Before the original posting I already tested that with ChattaSangayana file. No, it won't work "perfectly" (=as in producing recognized file with the same identical characters as the original file), as already mentioned in the original post. Somebody made this OCR for devanagari character, then somebody else augment it to recognized sanskrit in roman character (IAST), then I just take that and insert pali vocabulary instead of sanskrit.
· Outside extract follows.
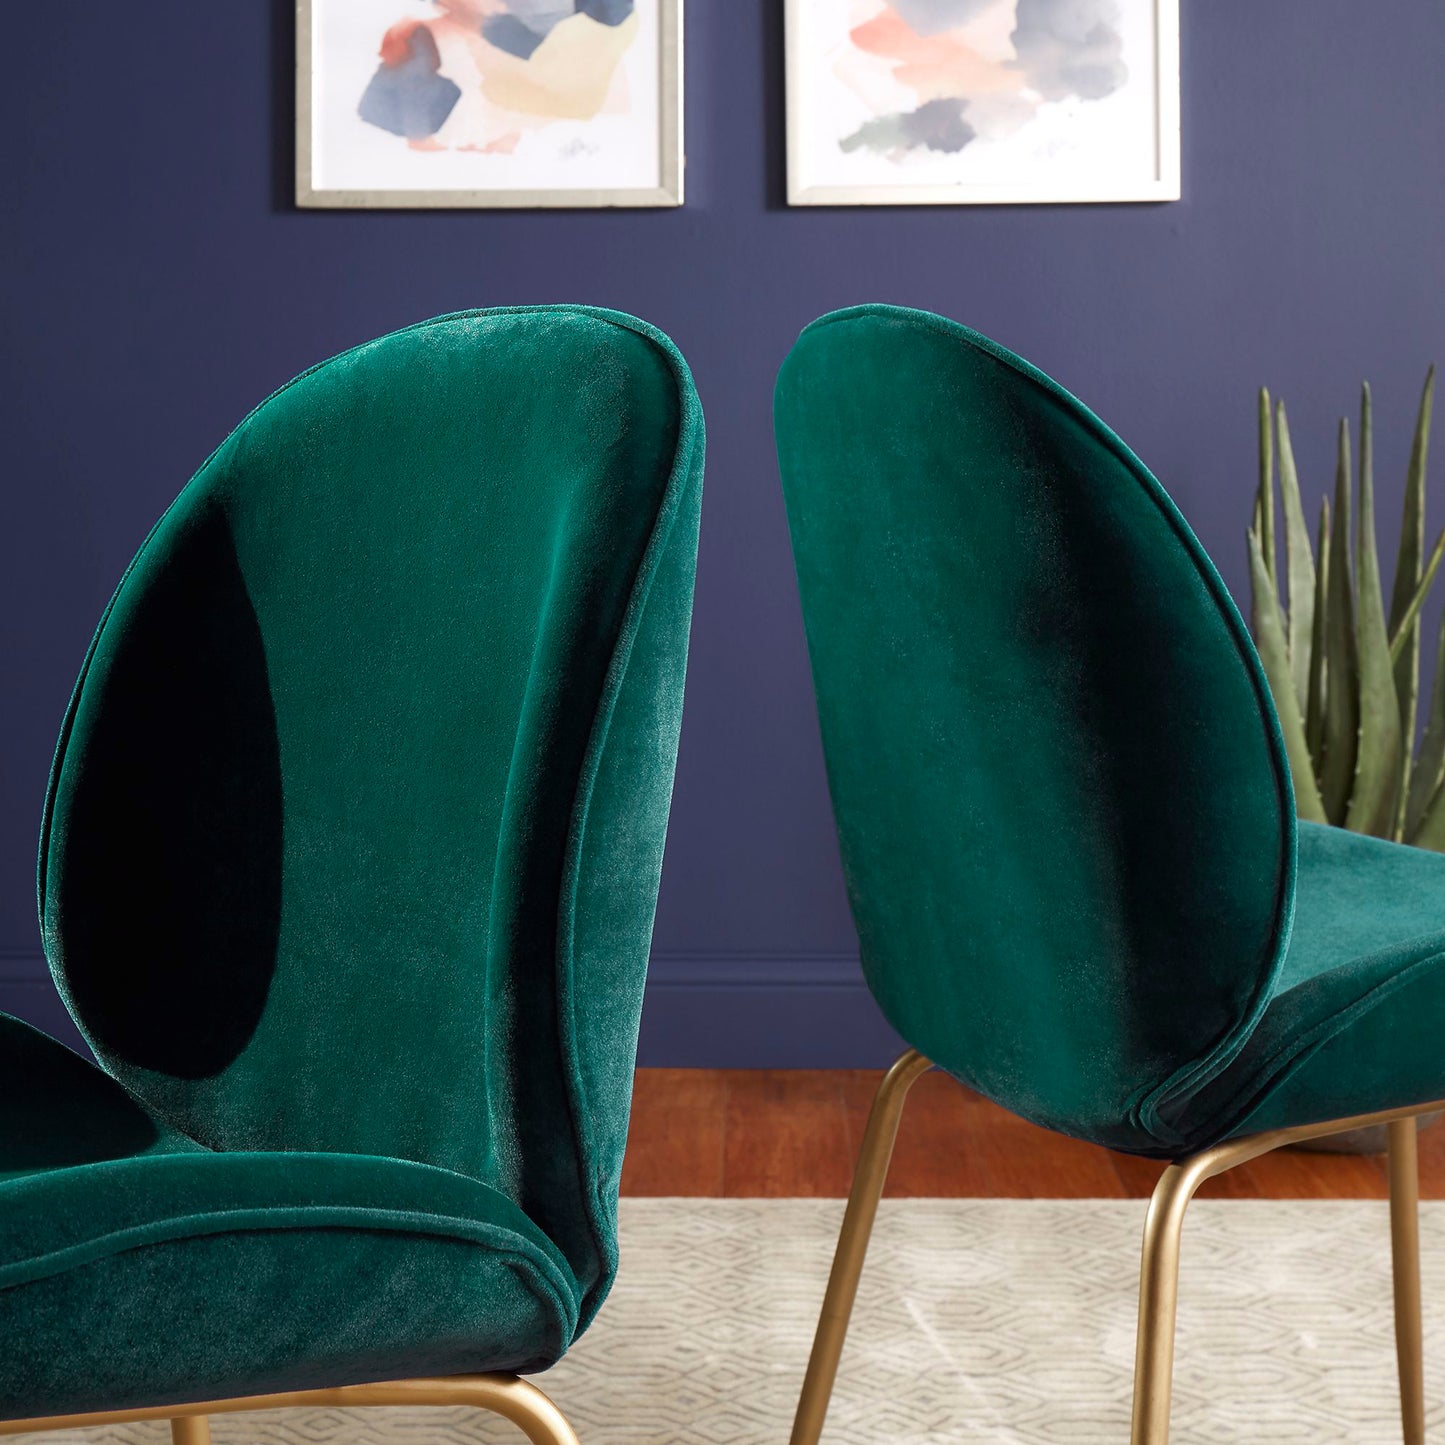 Velvet Upholstered Gold Finish Dining Chairs (Set of 2) - Green Velvet

Once in a while and randomly, a devanagari character pops up in between roman characters or roman t become f.Seems like we should be able to convert it into an image file, and your OCR should
work perfectly.
When you have the time you can verify that yourself.
Re: Pāḷi Tesseract OCR
Hey there! As someone who has some experience with OCR, I can appreciate the effort put into training tesseract for Pāḷi text. It's great to see that the DevaIAST.pli.traineddata works better than PuranaIAST.pli.traineddata.
Re: Pāḷi Tesseract OCR
I totally understand that OCRs are not perfect and can have some errors. Have you ever tried using Smart Engines OCR SDK? I heard it has some pretty impressive capabilities in recognizing different scripts and characters accurately. Just a suggestion! Anyway, thanks for sharing your work on training tesseract for Pāḷi text.
-
- Posts: 56
- Joined: Fri Dec 18, 2009 4:12 pm
Re: Pāḷi Tesseract OCR
Thanks. It looks like a paid SDK for business/institution.BurlLam wrote: ↑Fri Mar 17, 2023 11:14 am I totally understand that OCRs are not perfect and can have some errors. Have you ever tried using Smart Engines OCR SDK? I heard it has some pretty impressive capabilities in recognizing different scripts and characters accurately. Just a suggestion! Anyway, thanks for sharing your work on training tesseract for Pāḷi text.